## Work to complete:
Give the data again exactly, without its images.

## Input data:
━━━━━━━━

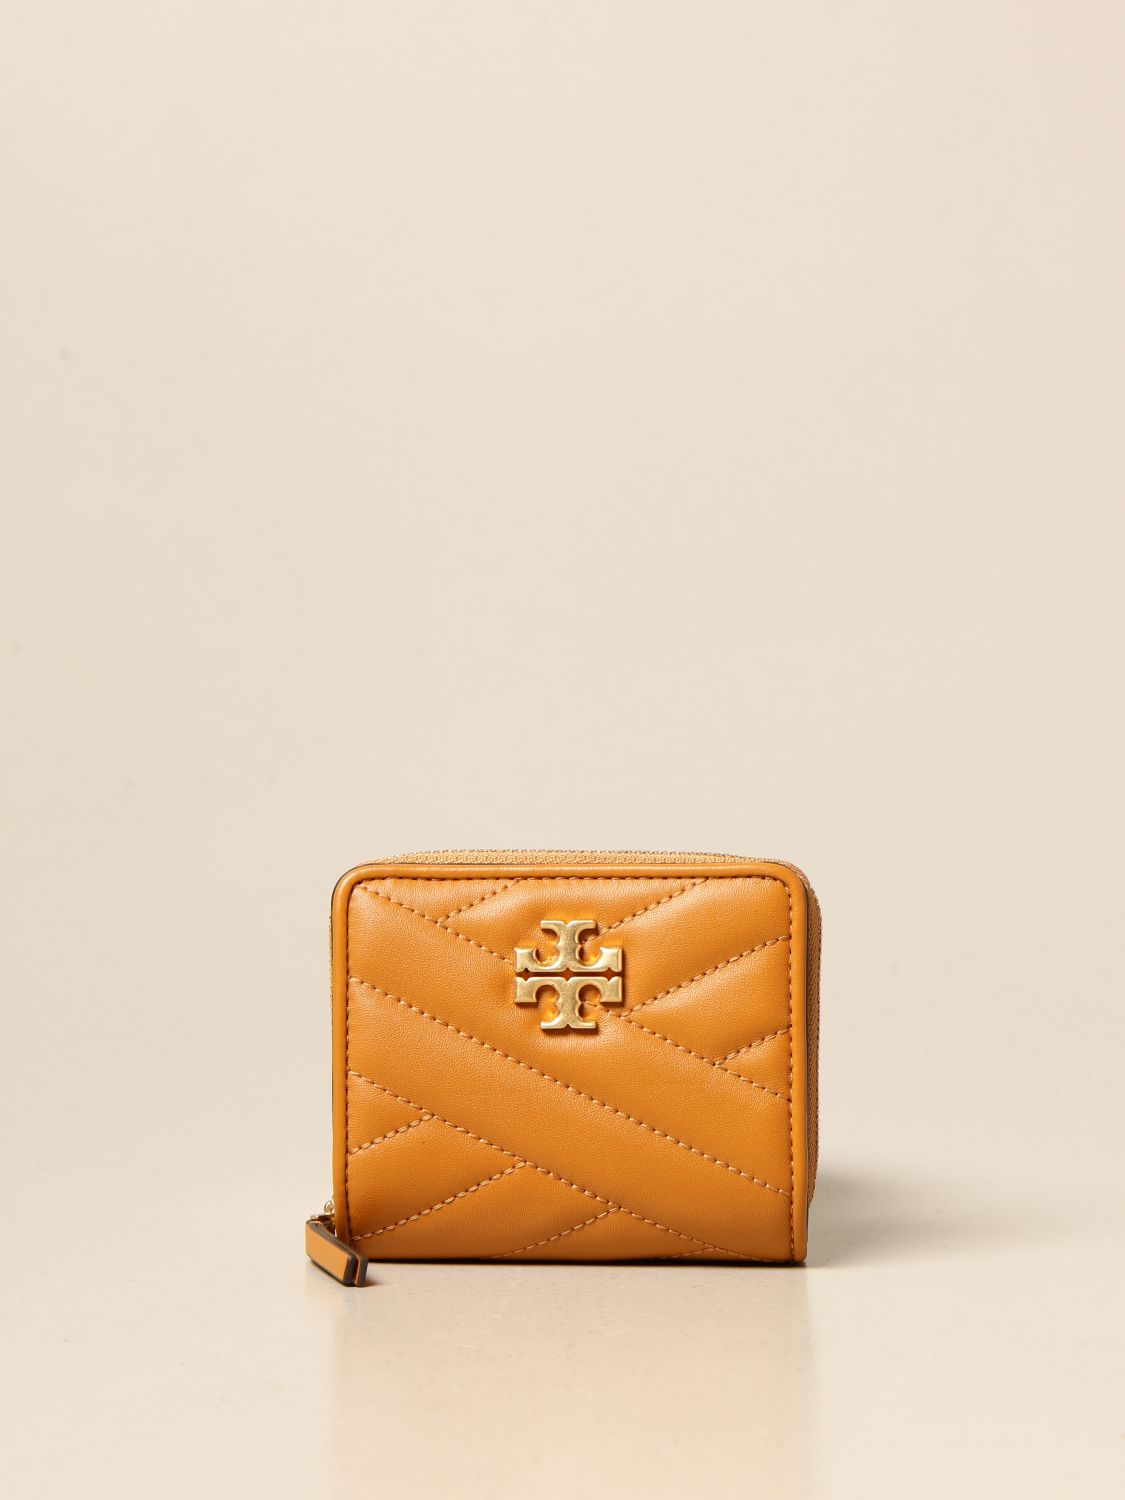 TORY BURCH: Kira wallet in quilted leather with metallic emblem - Tangerine  | Tory Burch wallet 56820 online on 
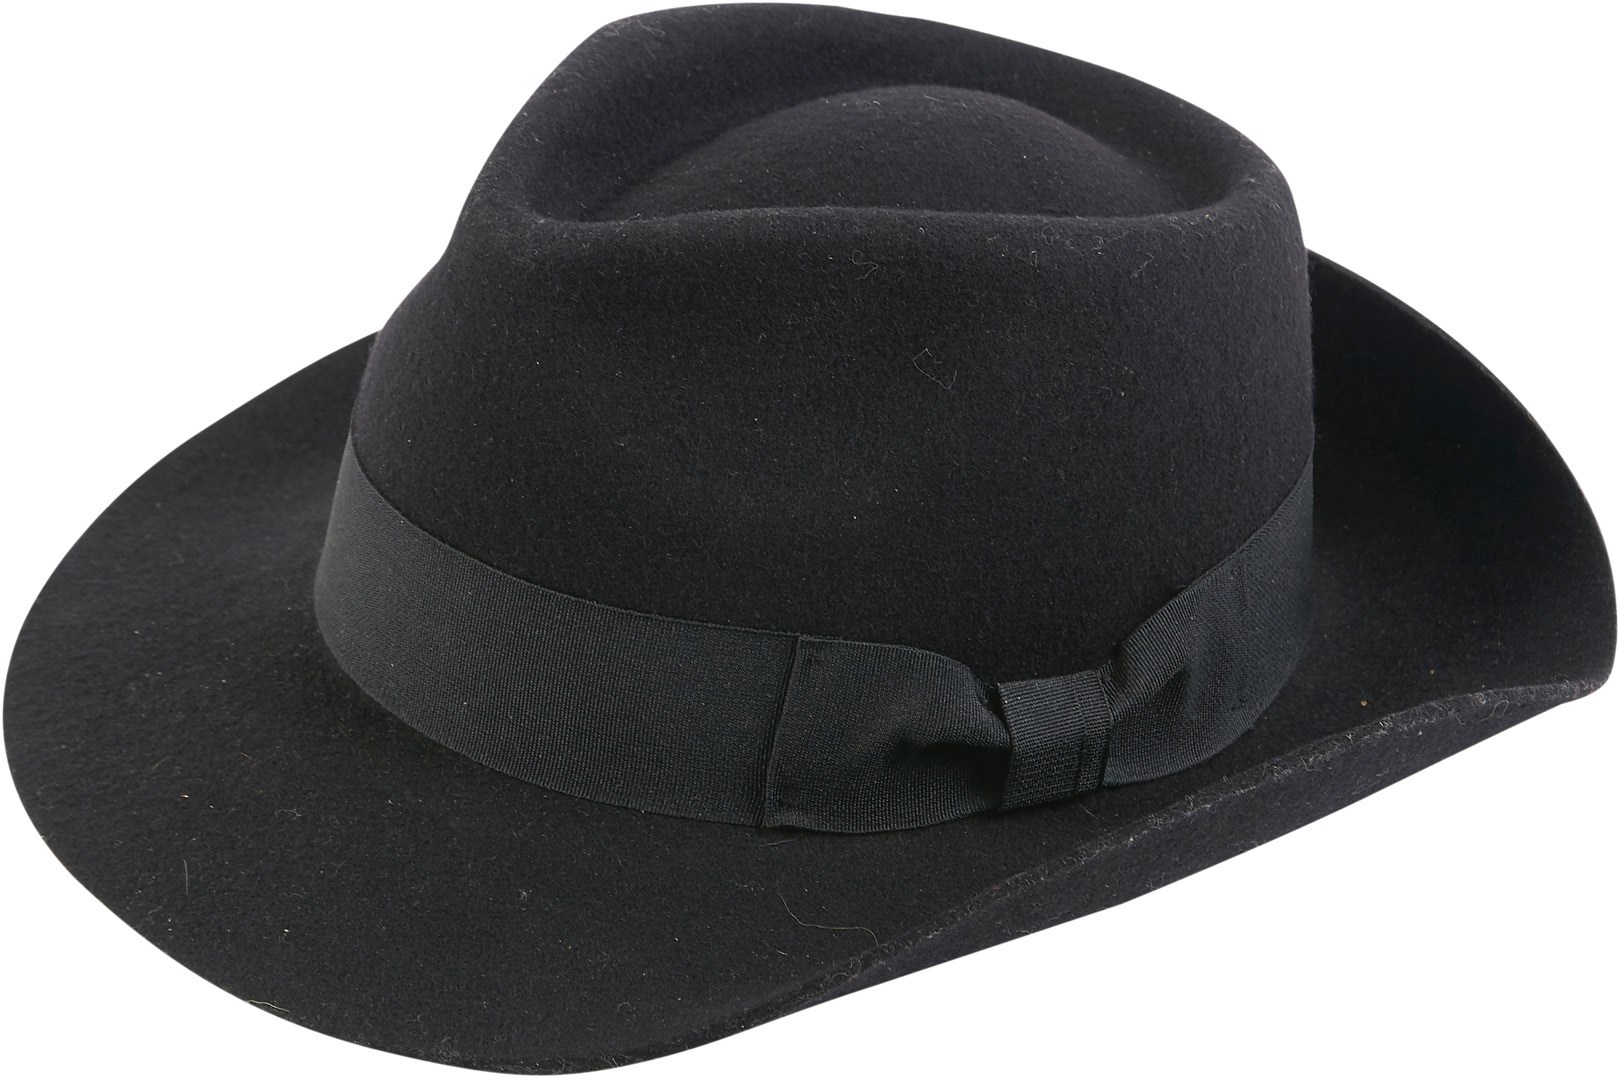 - 1996-97 Michael Jackson Fedora from his Production Manager
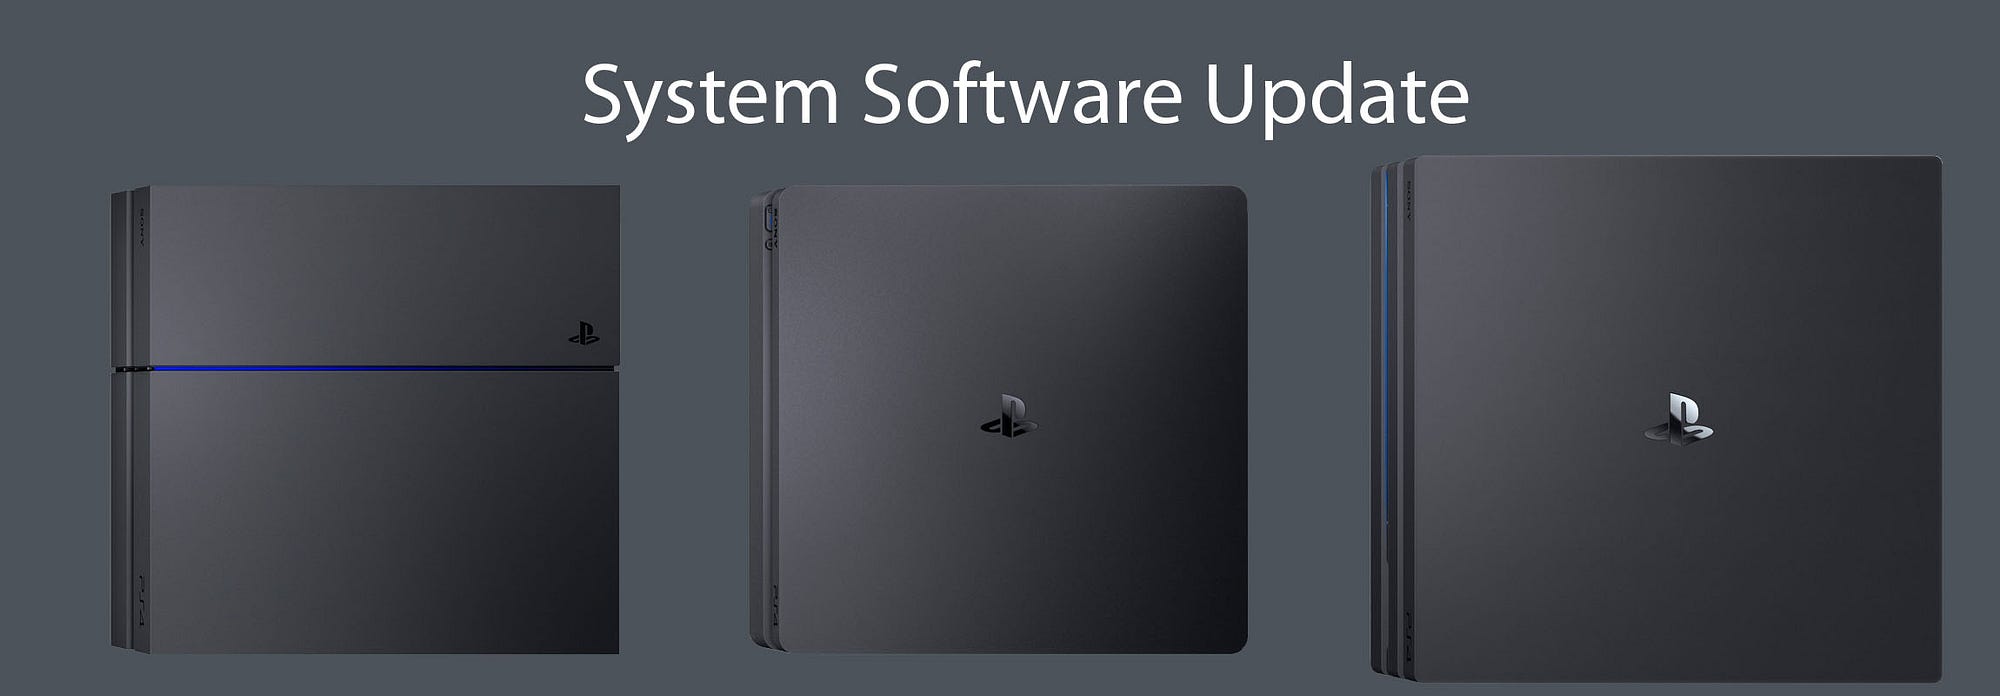 Sony System Software Update

━━━━━━━━

## Answer box:
 TORY BURCH: Kira wallet in quilted leather with metallic emblem - Tangerine  | Tory Burch wallet 56820 online on 
 - 1996-97 Michael Jackson Fedora from his Production Manager
 Sony System Software Update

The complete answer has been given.